Beliefs not Biomechanics

Pregnancy related pelvic girdle pain (PPGP) impacts between 56%-72% of pregnant women and is a significant cause of disability, reduced quality of life and early leave from work. Physiotherapists are ideally placed to treat and manage PPGP, but some of the messages we are giving women through our language and treatments are disempowering women and increasing the pain. Here we will address how best to manage PPGP in women.

What is it?

Pain can be felt in the middle of one or both buttocks or in the pubic bone. Women will describe it like a sharp stabbing pain in the bum or as if they have been kicked right in the centre of the pubic bone.

What are the common signs of PPGP?

Pain or discomfort with:

·       Turning in bed

·       Going from sitting to standing

·       Getting out of a car

·       Pushing heavy objects, like a shopping trolley or a hoover

·       Walking upstairs, or any standing on one leg, e.g.  when putting on underwear

·       Walking


Not just a biomechanical issue

For many years PPGP has been viewed as mainly a biomechanical and hormonal issue so treatment tended to focus on this aspect. However, as more research around pain science emerges, we now know that there are cognitive components that contribute to PGPP and its severity.

What do I mean by cognitive components?

This refers to patterns that have developed in the brain relating to current/past events/experiences, how we interpret them in our brain and whether that interpretation causes stress/anxiety.

Examples of current circumstances, past events and life experiences that impact PPGP according to the evidence are:

·       Work dissatisfaction,

·       Previous pelvic trauma (including traumatic birth experience)

·       History of low back pain and /or PGP, especially in a previous pregnancy.

These factors have the potential to impact an associated fear which in turn impacts the level of pain through nociplastic processes (generated from the central nervous system as opposed to local inflammatory processes).

Biomechanics and hormones still play a role, just not in the way we thought. Rather than the pelvis being unstable it is more a case of the muscles/tissues surrounding the pelvis becoming more sensitive which generates protective responses and tension develops.
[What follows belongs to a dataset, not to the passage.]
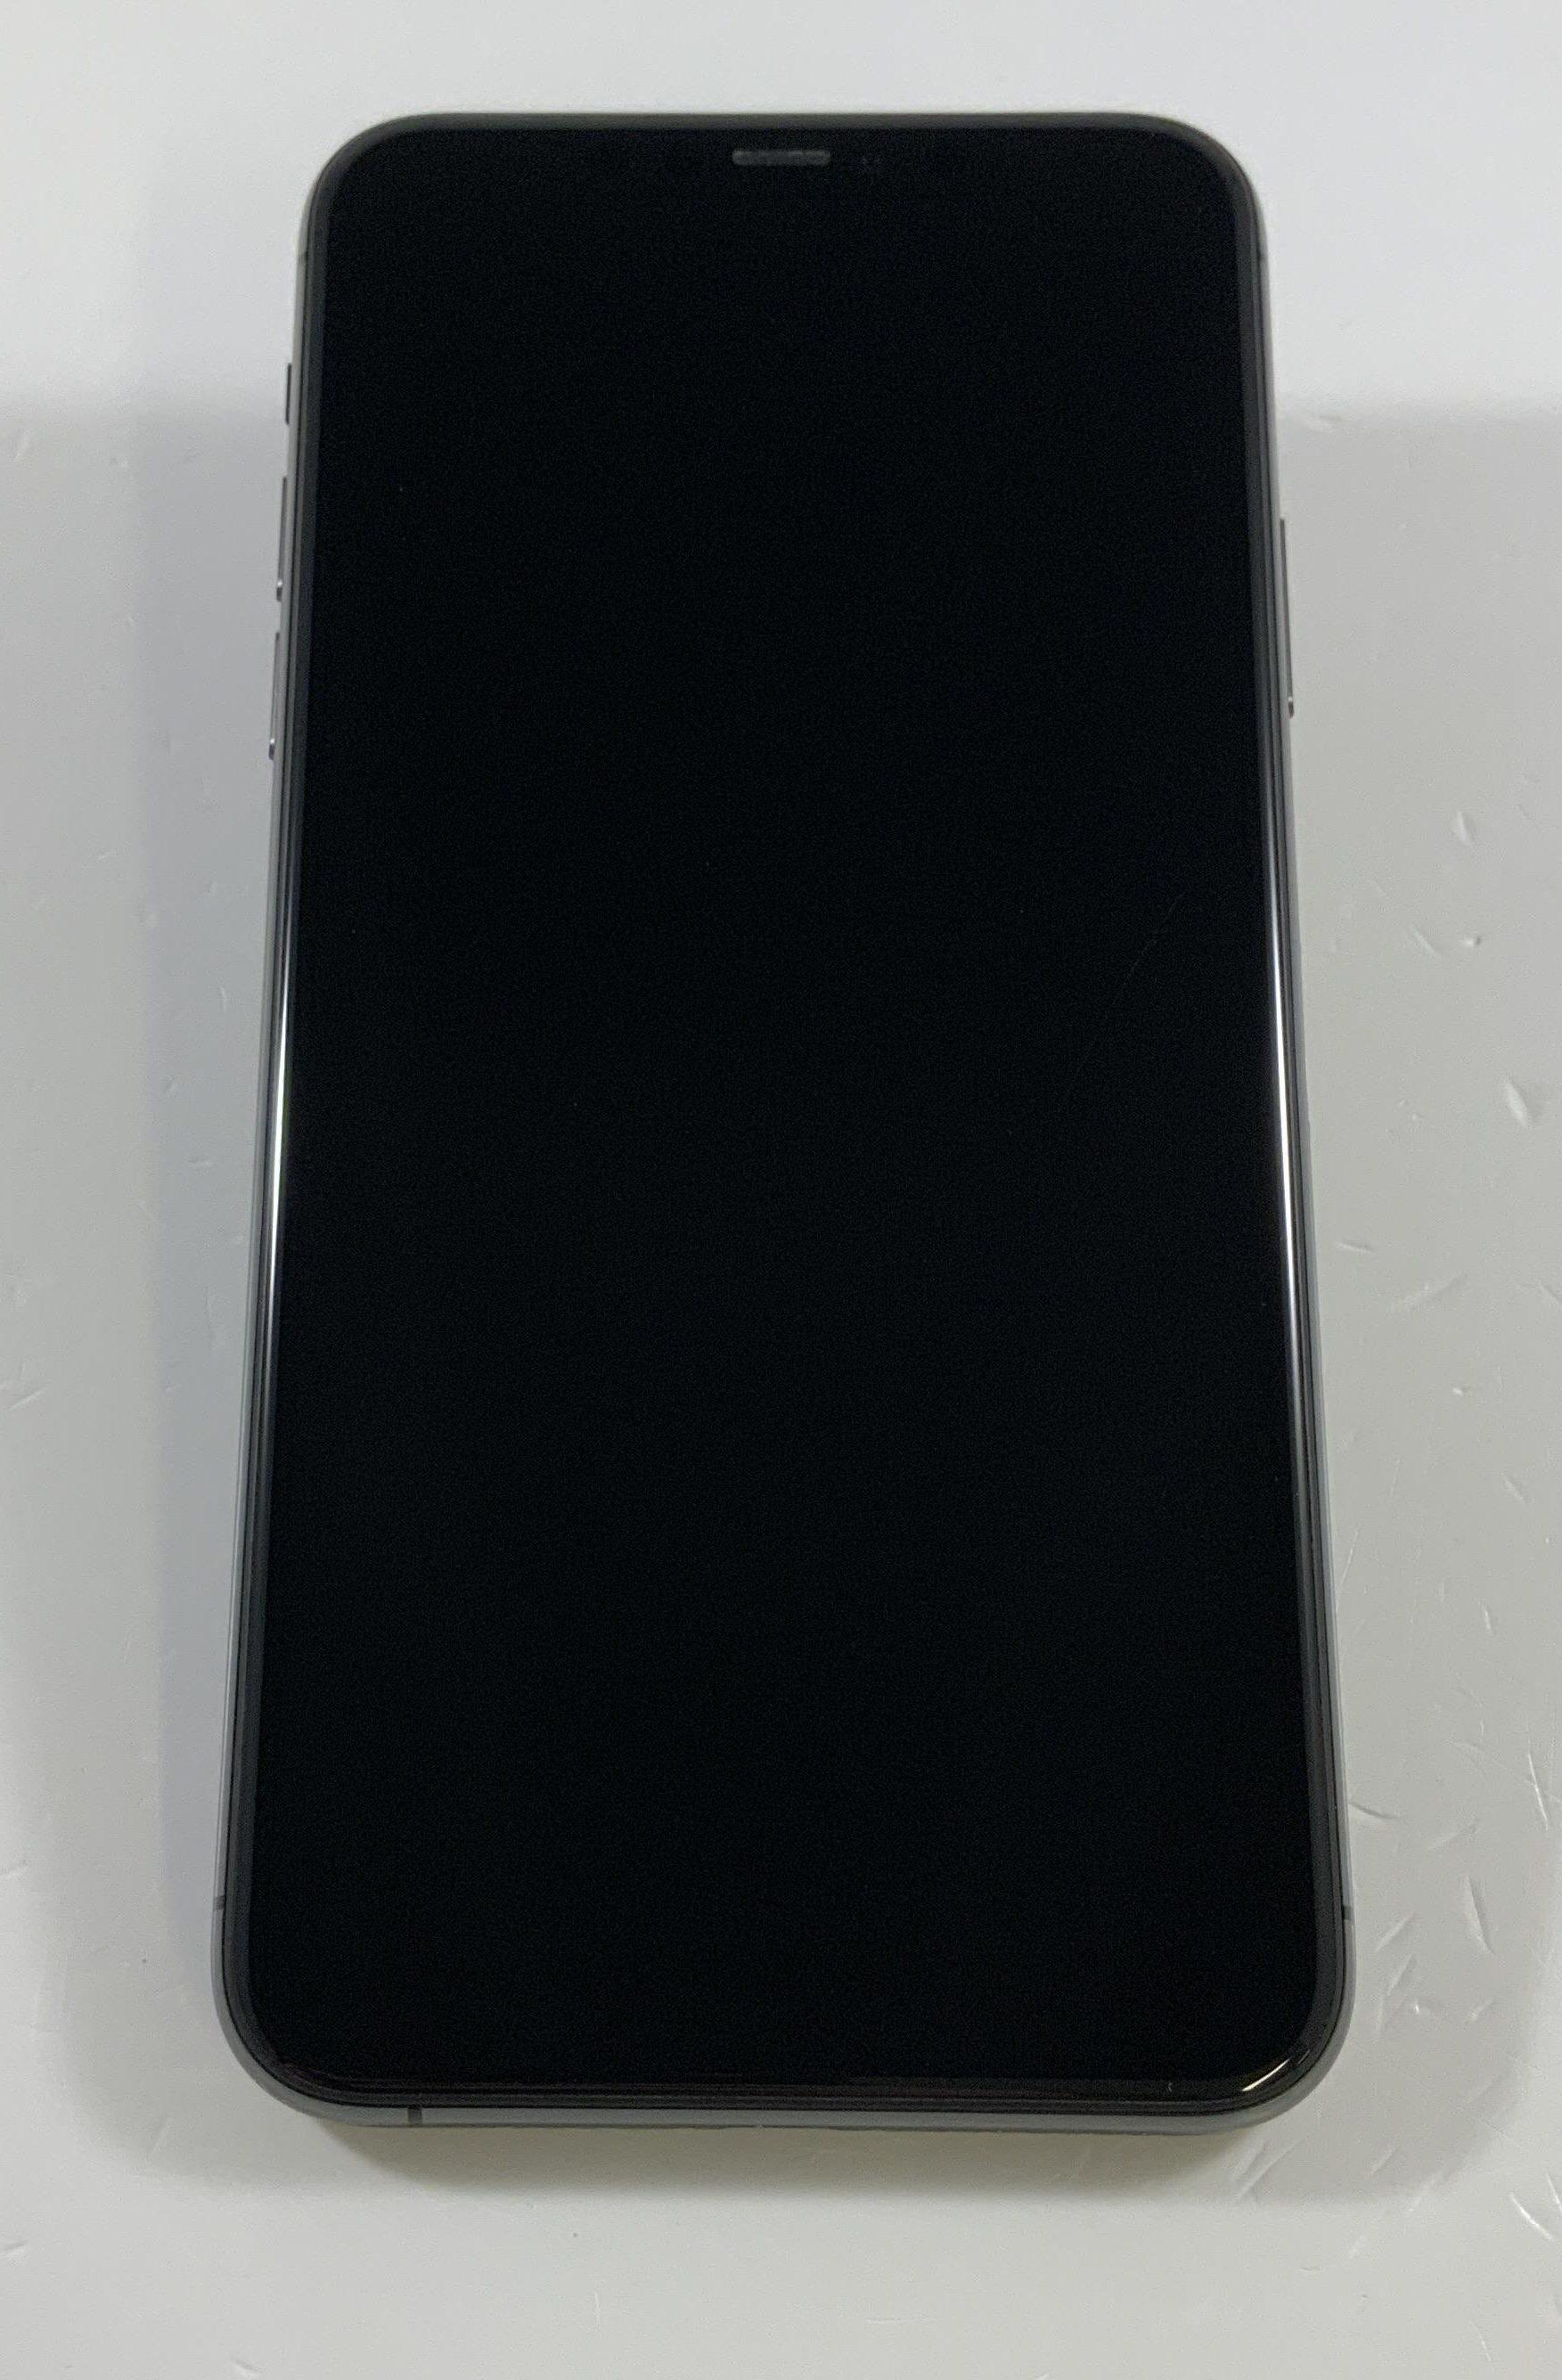 iPhone 11 Pro Max 256GB, 256GB, Space Gray, obraz 1

This is felt as tightness by women and causes movements to be painful.

Also, it appears that the main hormone that can ramp up this tissue sensitivity is oestrogen as opposed to relaxin. Oestrogen significantly drops after delivery of the baby and placenta, which may contribute to why there is such a significant decrease in symptoms immediately after the birth.
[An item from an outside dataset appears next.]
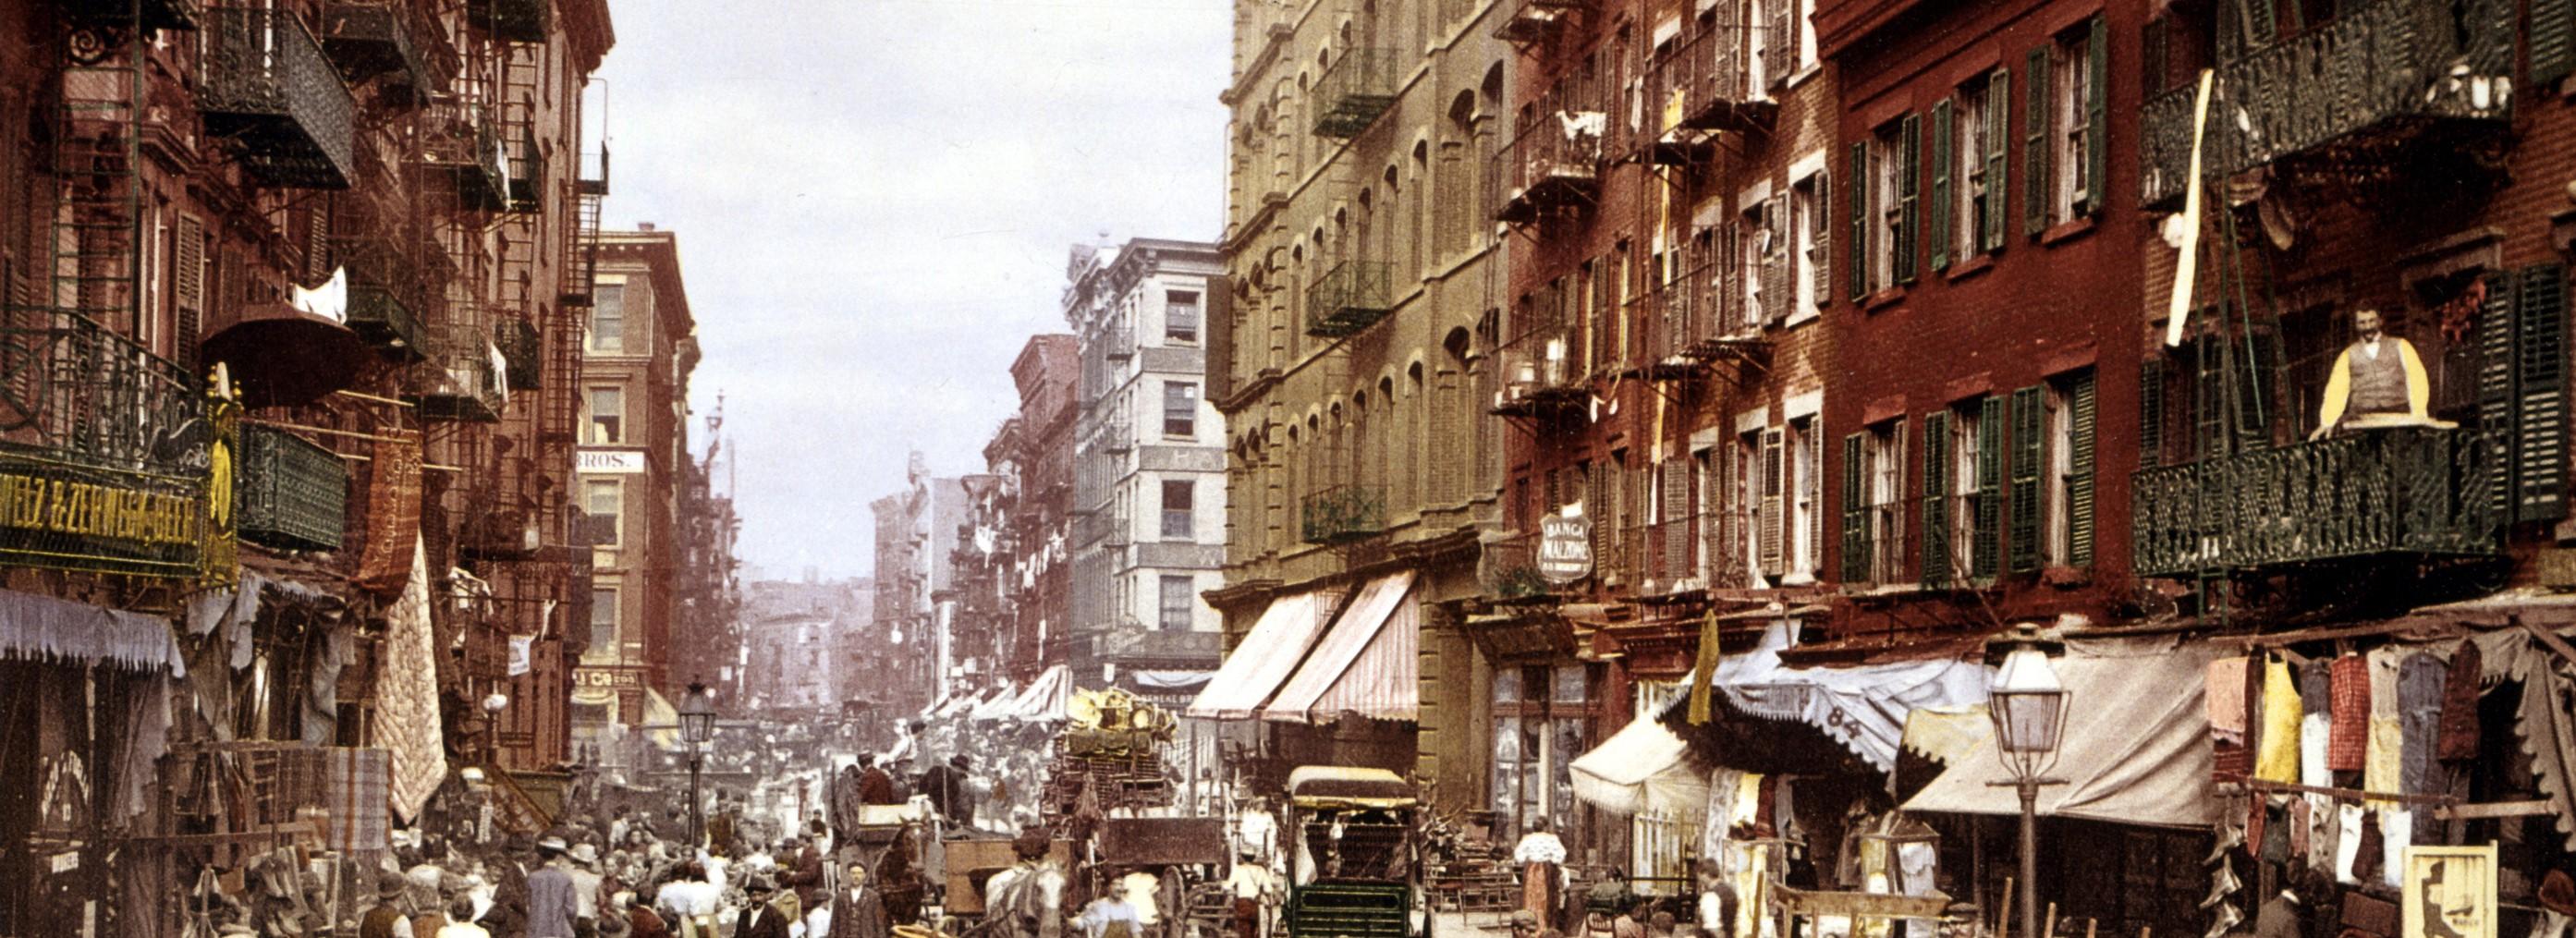 Mulberry_Street_NYC_c1900_LOC_3g04637u_edit-24hcqrx

How does this change how we treat and advise women with PPGP?

Now we know better, we must do better.

According to a recent editorial (Pulsiger et al. 2022) unhelpful narratives about PPGP that we as health care professionals need to stop feeding into are:

·       The hormone relaxin makes the pelvis unstable.

·       Pelvic pain is worse because of poor posture and alignment.
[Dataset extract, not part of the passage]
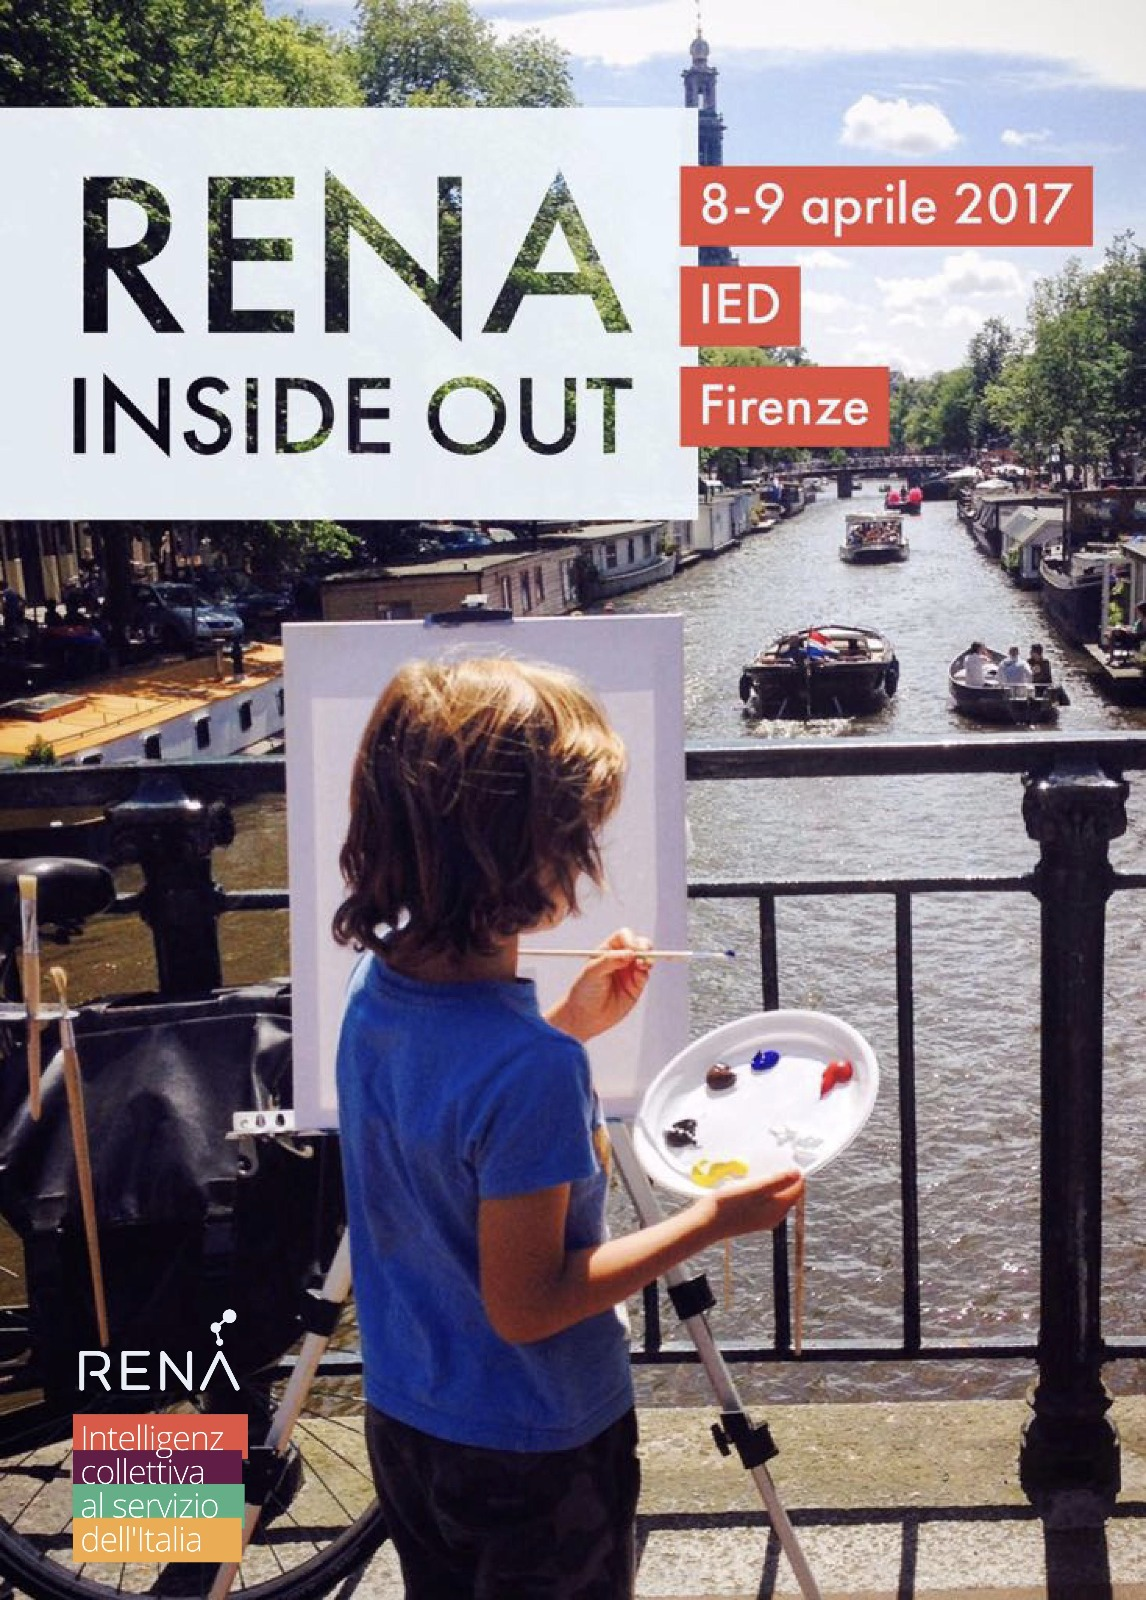 RENA Inside Out I Firenze 8 e 9 aprile 2017

·       Pelvic pain is caused by unstable pelvic ligaments and joints.

·       Moving less and keeping the legs closed with reduce pelvic pain.

·       Breastfeeding hormones will prolong pelvic pain and instability.

·       Birthing vaginally will worsen pelvic pain.

·       Support belts should be worn to help stabilise the pelvis.

These statements lack current supporting evidence and can contribute to unhelpful beliefs resulting in conflicting management strategies or failure to address many of the components influencing the pain.


So, what do we say to women with PPGP

Address their overall wellbeing first.

·       Ask about work & home- is it stressful? what are dealing with? what type of physical/emotional support they have?

·       Ask about sleep

·       Ask about previous birth experience/pregnancy journey or get a sense if there are any sources of fear/anxiety

·       Ask about what they do to unwind/decompress/complete the stress cycle

The intention of the above is to bring awareness to how much this woman is dealing with. Once there is an awareness this can bring acceptance and action. Action frequently requires slowing down, recognising their needs, sharing with people and asking for help to meet their needs.

Imagine if we could all do this!

Listen so they are left feeling heard, supported and validated about their experience of PPGP.

·       Acknowledge everything they are currently doing before offering anything.

·       Ask them what would they advise their best friend to do.

·       Give them permission to slow down or stop the aspects of their lives that may be a source of stress.

·       Offer tools and resources if appropriate after all of the above.

Tools and resources- provide confidence, reassurance and guidance

·       NEW infographic developed by Pulsiger et al. 2022 (see below)

·       SRC pregnancy leggings (https://srchealth.com/collections/pregnancy) – very supportive pregnancy leggings or shorts. There is no current evidence about the efficacity of supportive wear or belts. Feedback from women in our classes is positive. The intention is not to offer stability to the pelvis but to support the lymphatic system and provide input in the muscles/ligaments of the pelvis and legs to help reduce sensitivity.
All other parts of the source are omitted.